If there's anything I hate most, it'd definitely be hypocrisy.
I trust people too damn easily. I don't really have much control over it, I just do, and by the time I could discover what a fool I am? It's too late - The damage is done.
Have you been in this position where you think that, "Life is great." And next thing you know? The people you thought (or kinda wish) could have contributed to this statement, decide to f*ck up, making you come to your senses on how your life isn't that perfect after all.
Isn't it funny how when it involves love (romantically or not), you could easily give all that you have without second thoughts, you lie to yourself and believe in lies, do the silliest things for certain people, and cry over the people who worth the least of your tears - And often knowing that it's gonna hurt, we continue to stay, and convince ourselves that we're okay.
I'm so sick of listening to people go all like, "I'll never lie to you." Oh yeah, reminds me of how that's probably the biggest lie one could ever tell.
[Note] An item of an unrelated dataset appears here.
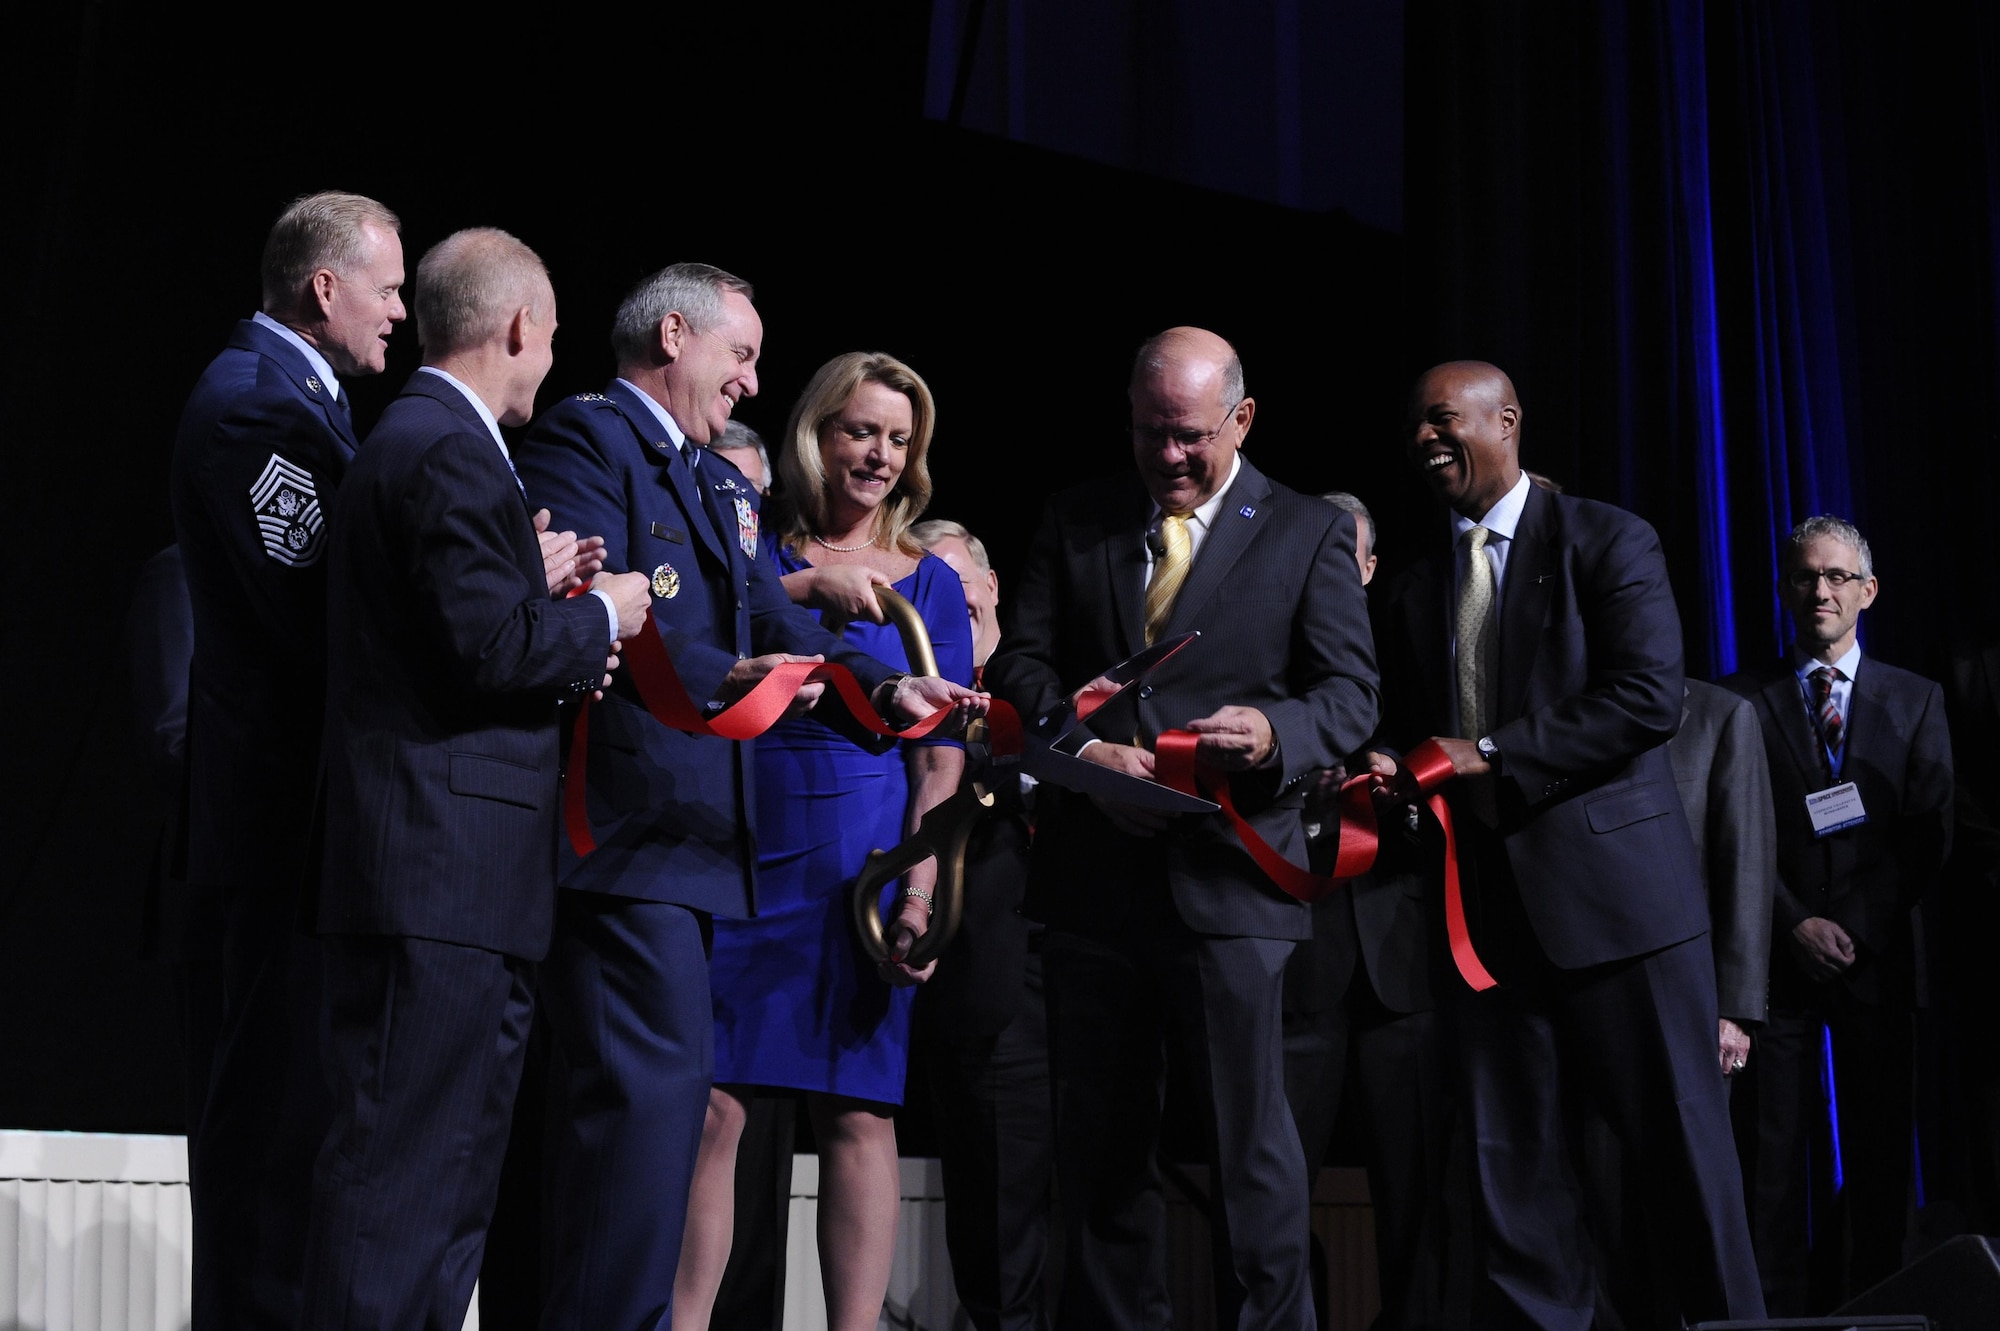 Senior Air Force leaders cut a ribbon during the Air Force Association's Air and Space Conference and Technology Exposition in Washington, D.C. on Sept. 14, 2015. The ribbon cutting ceremony kicked off of the conference and opening of the exhibit hall. (Air Force photo/Staff Sgt. Whitney Stanfield)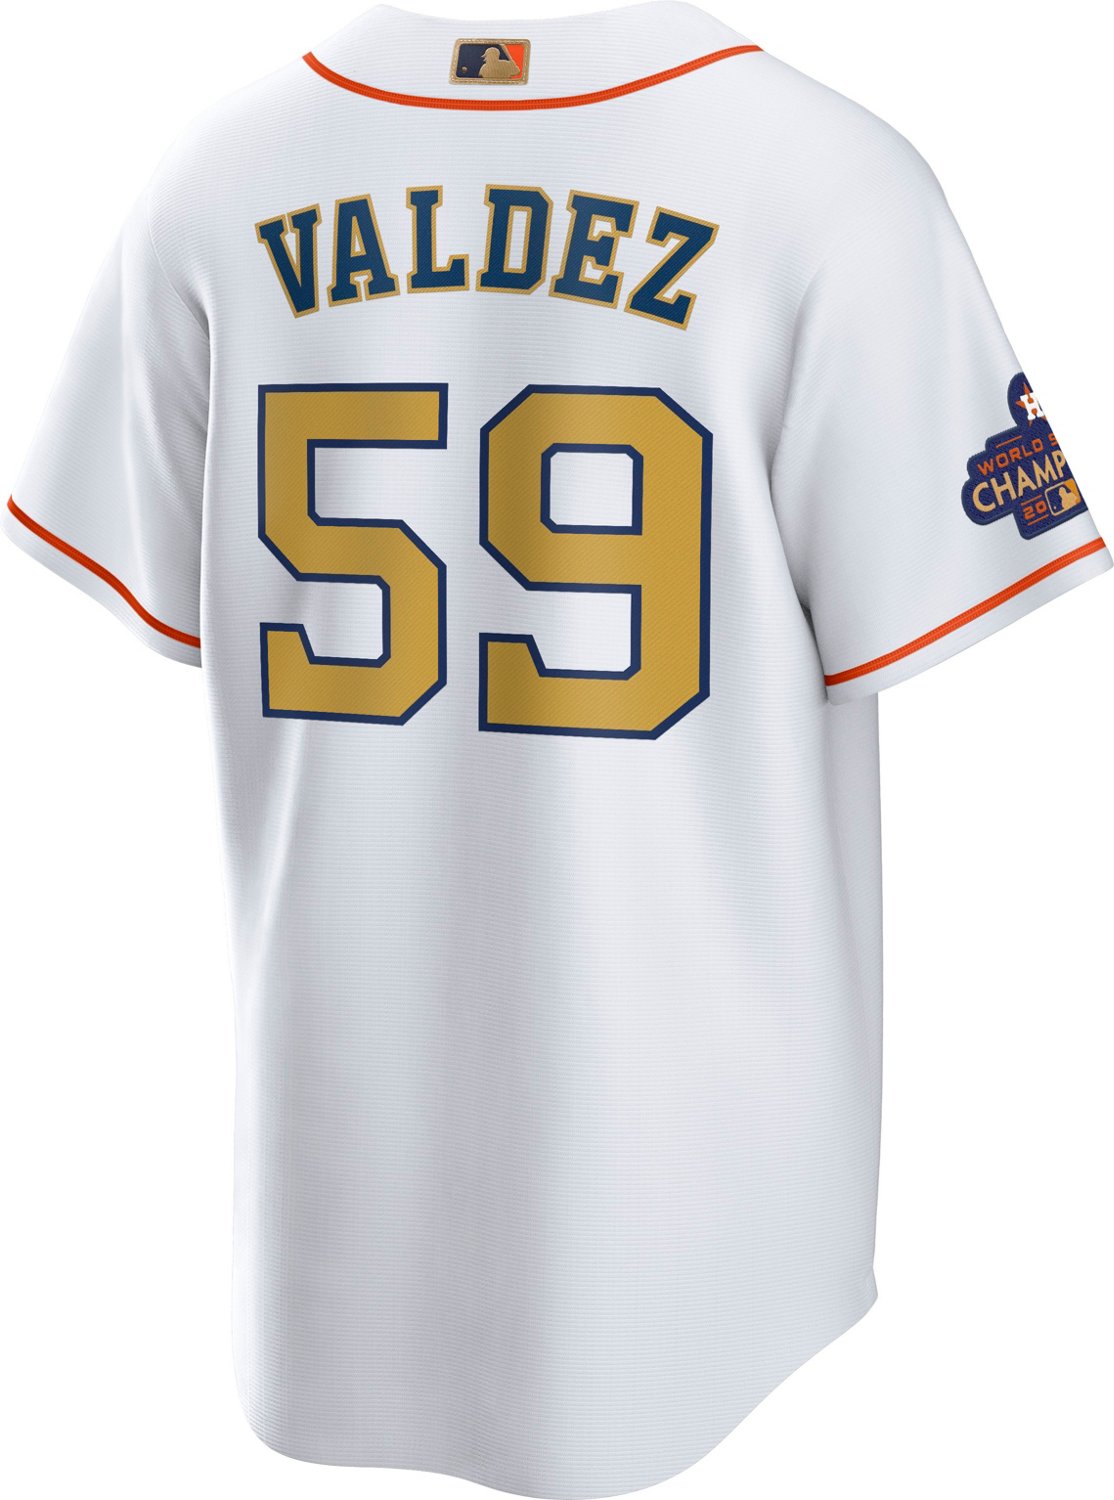 astros jersey at academy

It can easily take up to years before one's able to gain someone's trust entirely, but it only takes a split second to destroy someone's trust in you.
We all probably already know that, but people still choose to lie.
Coming back to my point about mendacious people.
You know, I'm absolutely cool with people disliking me, or people who don't have my best interests at heart, but don't ever put up a false front and act like you do when you don't at all.
I don't get it? Why pretend to like someone when you don't?
If you're working with someone, and sorta forced to put all personal grudges aside... That, I understand. However, in this case, I'm talking about those people who deliberately get close to you, go the extra mile to make you believe that they truly care, then talk shit behind your back.
Hey, you know what? I'd love to say something to you with utmost sincerity - FUCK YOU.
I would list down every synonym in the dictionary that describes how deceitful you are, but then again, that's probably too few to prove my point.
I'm not sure if I'm more angry or disappointed, or perhaps both - To actually believe that some people actually care for me from the bottom of their heart, to think that I actually mean something to them, and to find out it's just my own wishful thinking... I feel wretched.
All you ever cared for was yourself.